## What needs to be done:
The part below that opens with the line containing "PAC Wall Mounted Manual Drinking Fountain" and closes with the line containing "Ohio State's C.J." should be copied exactly, minus any pictures.

## Given data:
- - - - - - -

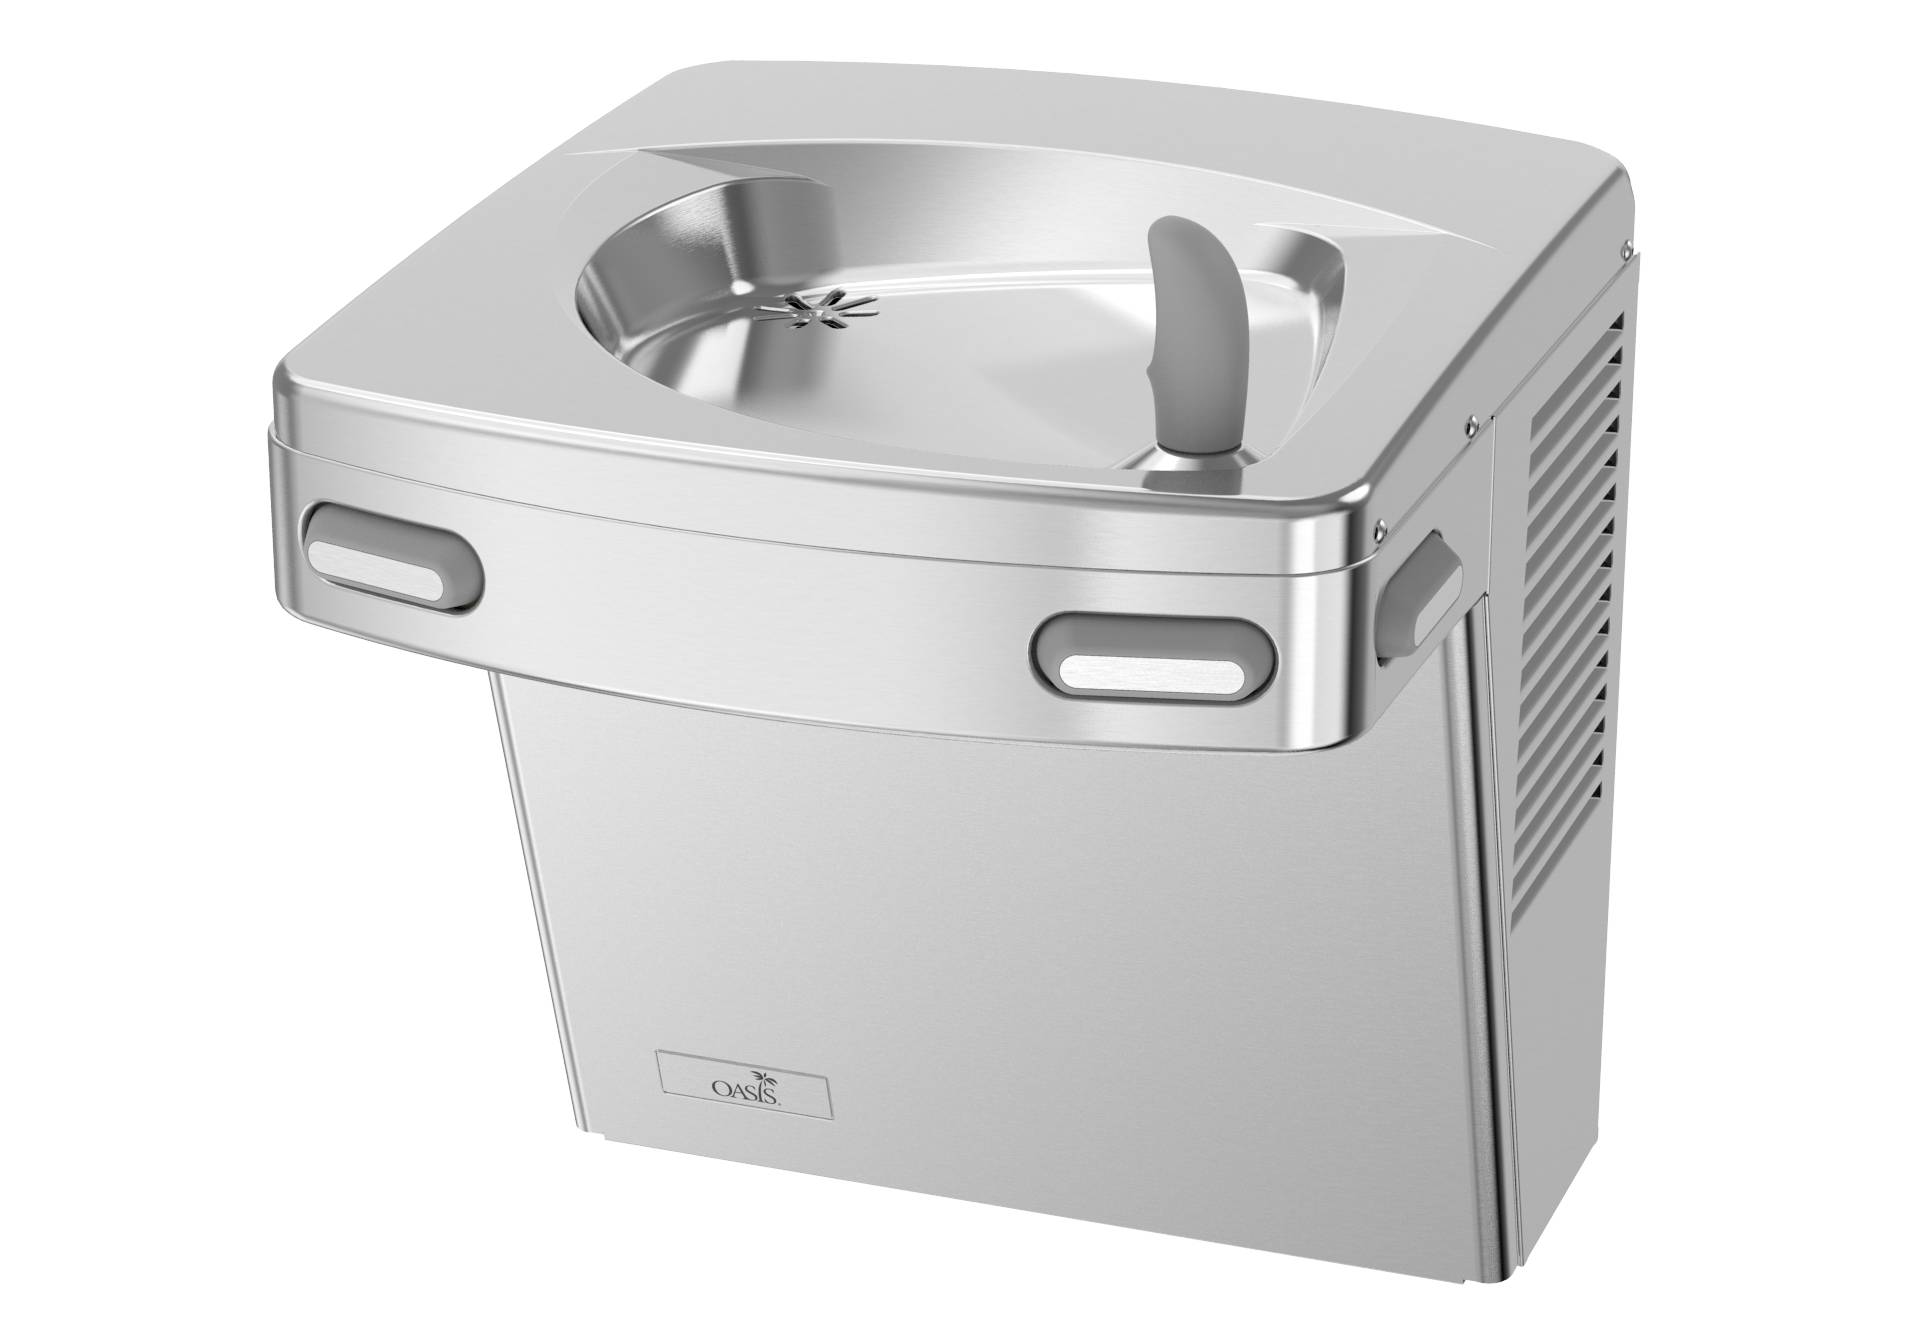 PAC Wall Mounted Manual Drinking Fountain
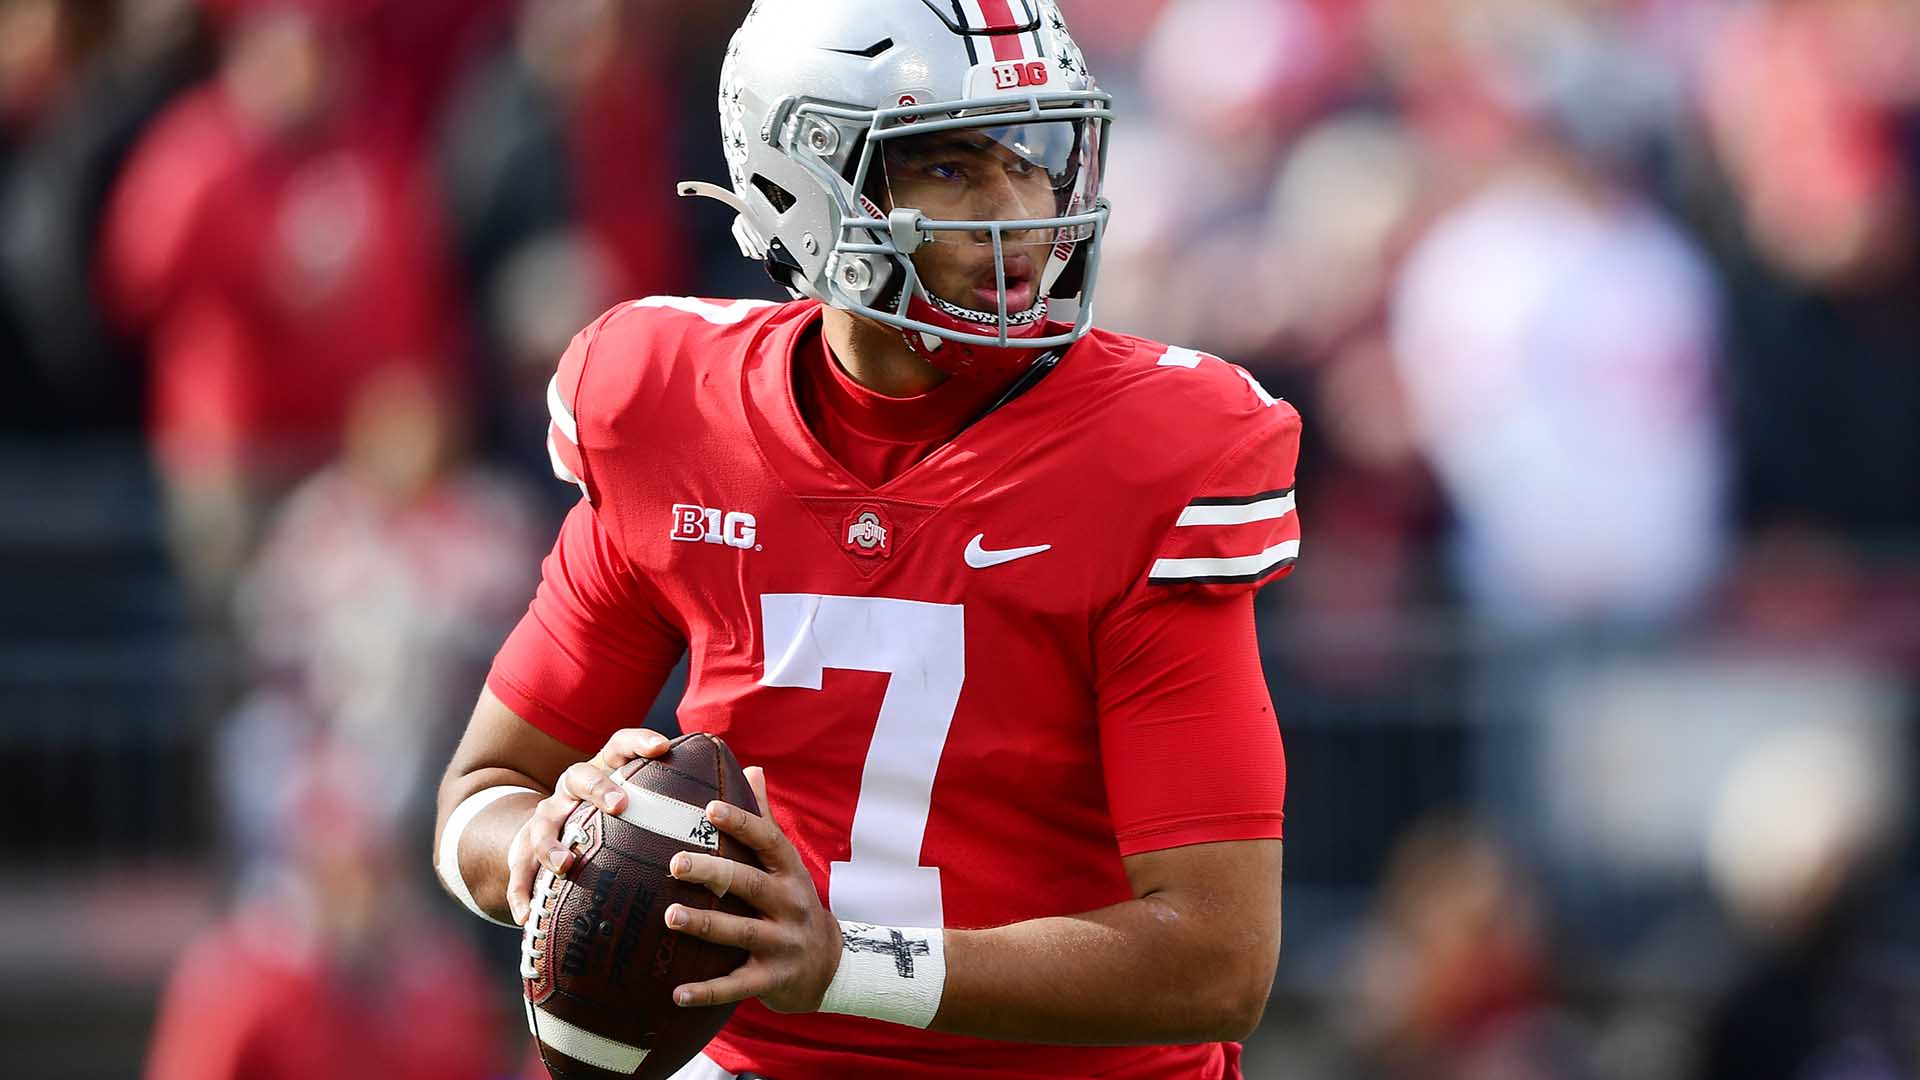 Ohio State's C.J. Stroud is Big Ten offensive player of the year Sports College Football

- - - - - - -

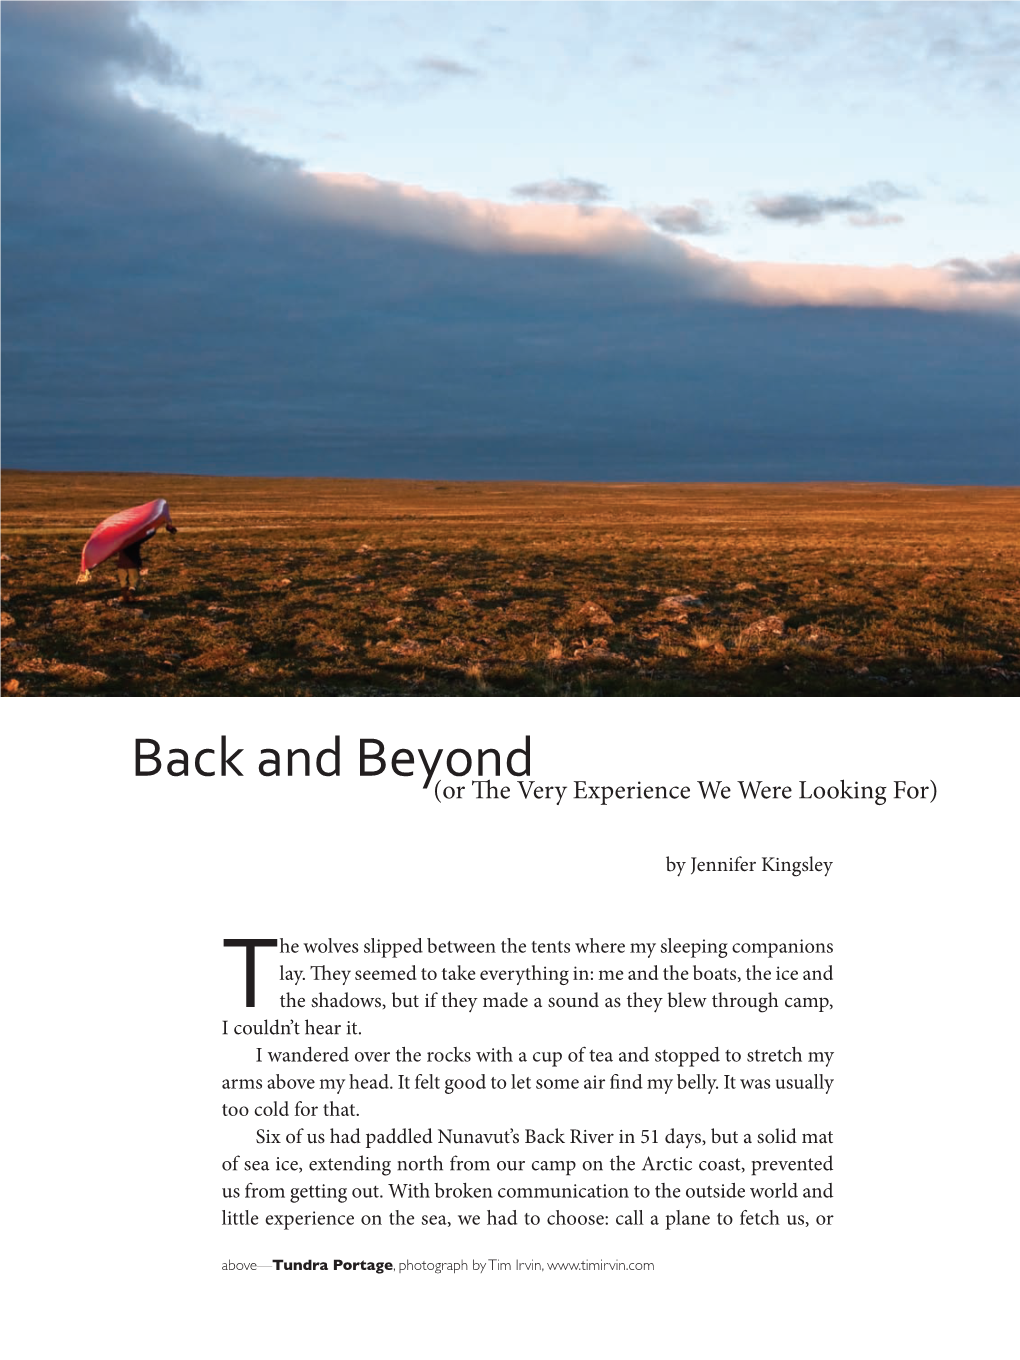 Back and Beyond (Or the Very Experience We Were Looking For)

- - - - - - -

## Task output:
 PAC Wall Mounted Manual Drinking Fountain
 Ohio State's C.J. Stroud is Big Ten offensive player of the year Sports College Football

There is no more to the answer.